Part of the Stobs Camp Project Lockdown Lectures series.

Delivered by Mahon Murphy, Associate Professor of International History at the Graduate School of Law, Kyoto University, Japan.

Introduction
During the First World War Japan housed around 4,800 German and Austro-Hungarian POWs in various camps across the country. These prisoners were mainly captured after Japan’s successful siege of the German concession of Qingdao (Tsingtao) on the Shandong Peninsula, China. My short lecture discusses the background to the POWs capture, explaining how Germans were in possession of concessions in China at the outbreak of the war and Japan’s motivations in electing to fight on the Entente side after war was declared in Europe. I then discuss the treatment of POWs held in Japan during the war, looking at camp conditions, camp regulations and the prisoners’ interactions with the local Japanese population.

The main focus of this talk will centre around the camp of Bando in Tokushima prefecture on the island of Shikoku.
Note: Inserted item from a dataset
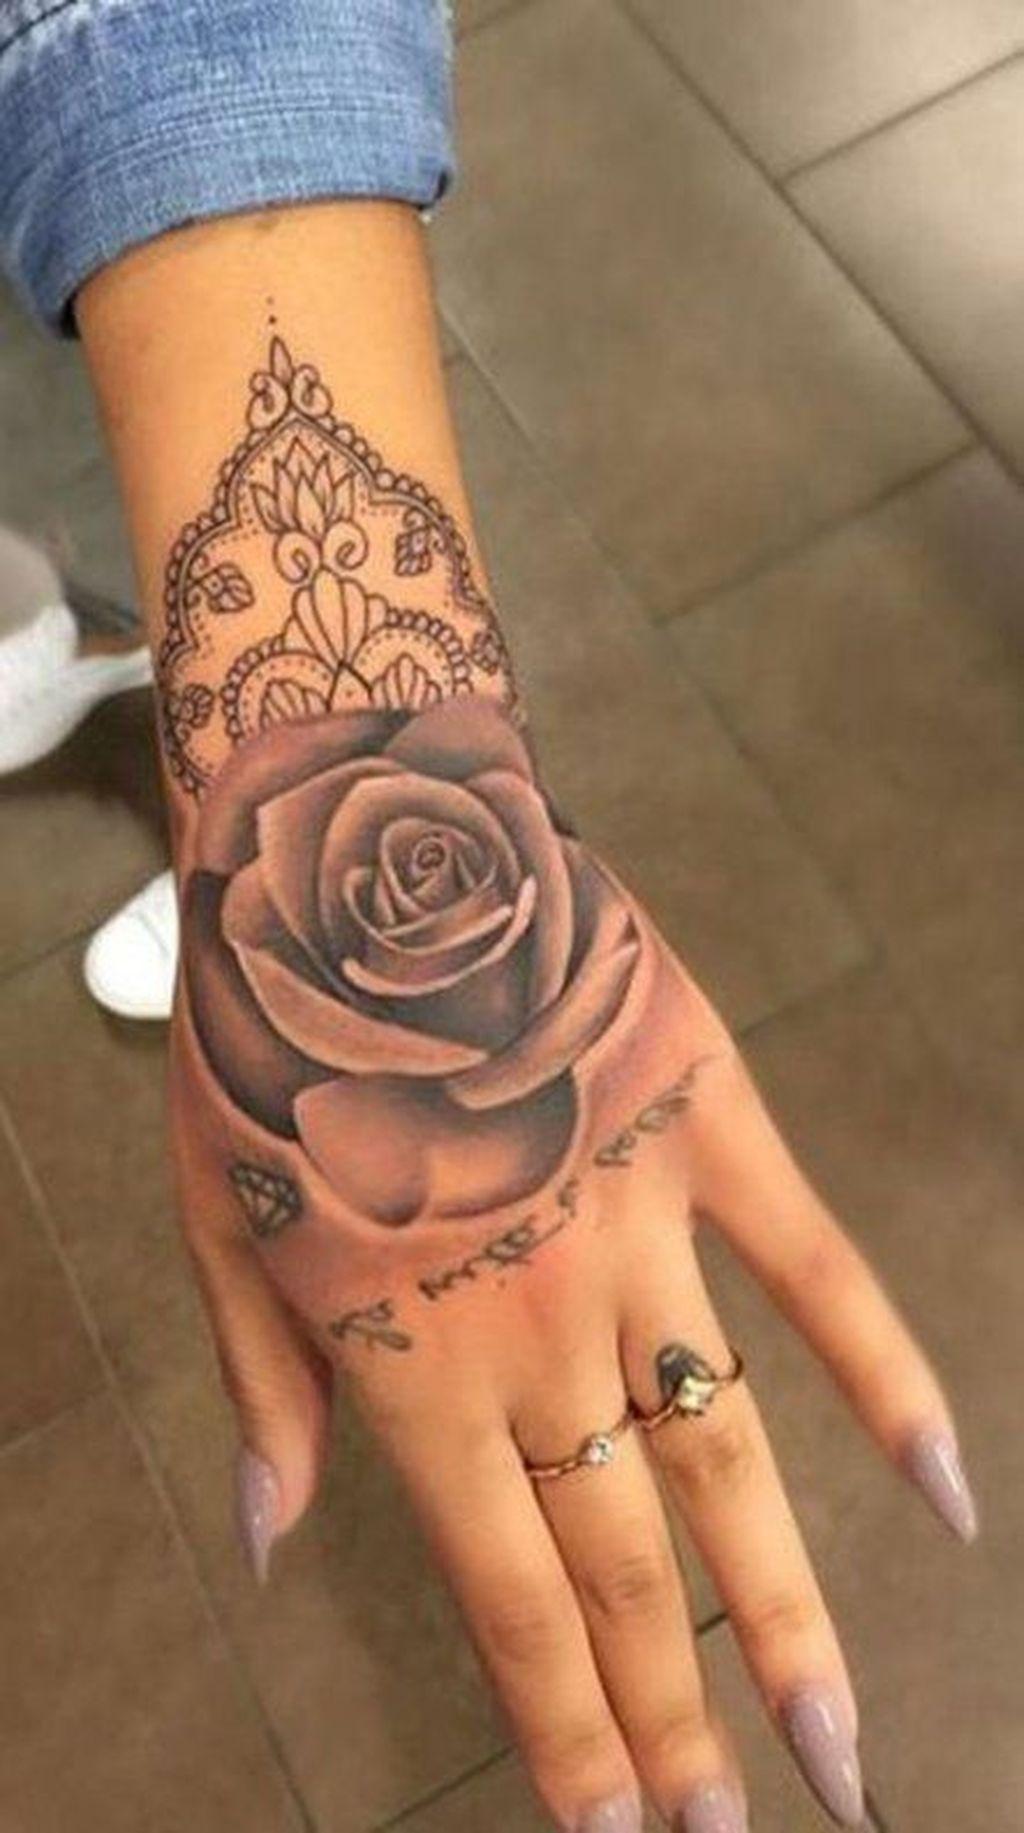 40 Interesting Hand Tattoos Ideas For Women Rose Hand Tattoo

While this camp was not representative of camps as a whole in Japan it occupies and important place in the popular memory of the First World War in Japan. Purpose built and opened in 1917, it held a little over 1,000 POWs or around one fifth of all POWs held in Japan during the war. Bando became a model camp with ample room for prisoners to engage in agriculture, engineering, arts and crafts and sport. It also became a site of cultural interaction with prisoners taking an interest in Japanese culture as well as introducing their own to Japan. The main legacy of which is the performance of Beethoven’s ninth symphony in the camp which has since gone to be country-wide tradition.

The site of the former Bando camp itself is an important site of memory in that it houses a memorial stone to all those POWs who died in Japan during the war. With the opening of the ‘The Naruto German House’ it is has also become a site of commemoration and important facet of Japan’s popular culture. (see the link for the Naruto German House Homepage (Japanese only)

Mahon Murphy is an Associate Professor of International History at the Graduate School of Law at Kyoto University. He received his PhD in 2015 from the London School of Economics and Political Science where he studied under David Stevenson and Heather Jones. His PhD was awarded the German Historical Institute London annual thesis prize in 2015. His first book, Colonial Captivity during the First World War: Internment and the Fall of the German Empire, 1914 -1919 (Cambridge University Press) was published in 2017. He was a member of the HERA funded project Making War Mapping Europe: Militarized Cultural Encounters 1792-1920 where he researched and published on the British military of occupation of Jerusalem 1917-1920. He is a region editor for the British Journal for Military History. Since moving to Japan, he has been a member of the research group Prisoners of War and Civilian Internees from the Viewpoint of East Asia, along with Naraoka Sochi and Kajiwara Katsuhiko. They are currently working on an edited volume on Japan’s treatment of prisoners of war from the Meiji Restoration until the Second World War. His most recent publication (2020) ‘The Heimei Maru Incident 1921: Japan’s Diplomatic Intervention in Prisoner of War Repatriation’ was published in The International History Review.